Когда же усилием воли Стефену удавалось отогнать от себя эти тягостные воспоминания, его мысли неизменно обращались к войне. В эту самую минуту люди где-то убивали друг друга и падали убитыми. А теперь и он тоже должен принять участие в этой бойне, единственным результатом которой будут бесконечные страдания, чудовищный хаос ненависти и мести. Снова Стефену припомнились язвительные слова Хьюберта, и кровь бросилась ему в лицо. Надо возвращаться на родину, и как можно скорее, хотя бы для того, чтобы защитить свое доброе имя и доказать, что ты не трус.
Стефен работал весь день не покладая рук: одну за другой пригонял он из лесу тележки с хворостом и складывал его во дворе за хлевом, куда, судя по валявшимся на земле сучьям, надлежало убирать топливо. Когда он пригнал восемь тележек и появился из-за края оврага с девятой, Луиза, как всегда неподвижная и задумчивая, стояла на пороге, скрестив руки на груди, крепко прижав локти к бокам.
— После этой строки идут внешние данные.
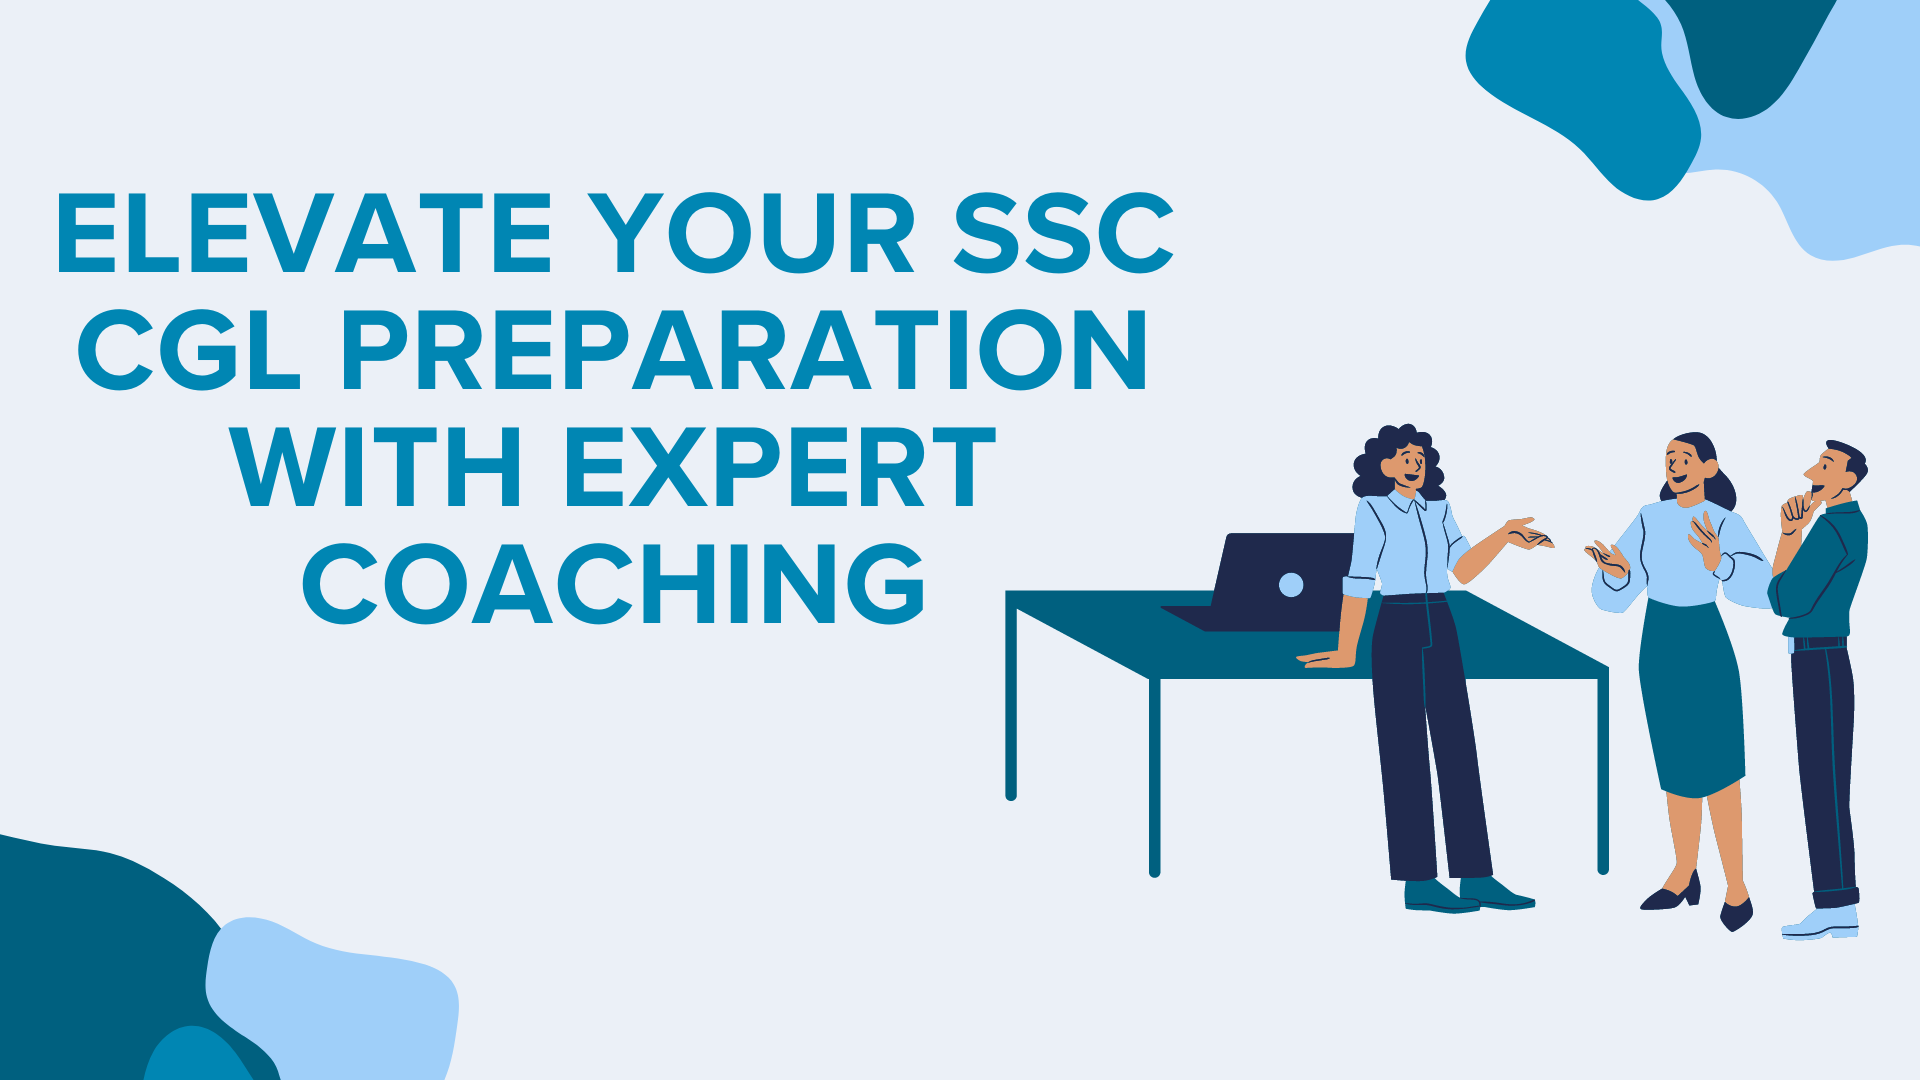 Elevate Your SSC CGL Preparation with Expert Coaching

— Вы изрядно нагрузили вашего ослика напоследок.
— Откуда вы знаете?
— Слышу, как скрипят колеса тележки и как тяжело дышит ослик. — Лицо ее оставалось бесстрастным. — Ужин готов. Сегодня, если хотите, мы можем поесть вместе у меня за столом.
Стефен устроил осла на ночлег, помылся из ведра у колодца и вошел в дом. Так же как и пристройка, он состоял из одной-единственной комнаты и был обставлен почти столь же убого: стол да стулья, грубо сколоченные из ореховых досок. В углу стояла полная угля жаровня, на стене над ней висело несколько старых медных сковородок. У другой стены помещалась металлическая кровать, наполовину скрытая ширмой, и над кроватью — цветная литография девы Марии Баталласской. Земляной пол кое-где был застлан очень ветхими соломенными циновками.
Слепая жестом предложила Стефену сесть за стол, отрезала ему ломоть кукурузного хлеба, сняла с жаровни горшок и наложила полную тарелку бобов, приправленных красным перцем. Потом опустилась на стул напротив. Наступило молчание. Стефен спросил:
— А вы почему не едите?
Она повела плечами, оставив вопрос без ответа.
— Вам нравятся бобы? Давайте положу еще. К сожалению, у меня нет вина.
Бобы отдавали оливковым маслом и чесноком, но Стефен был голоден и, поев горячих сытных бобов, сразу почувствовал, как у него прибывают силы.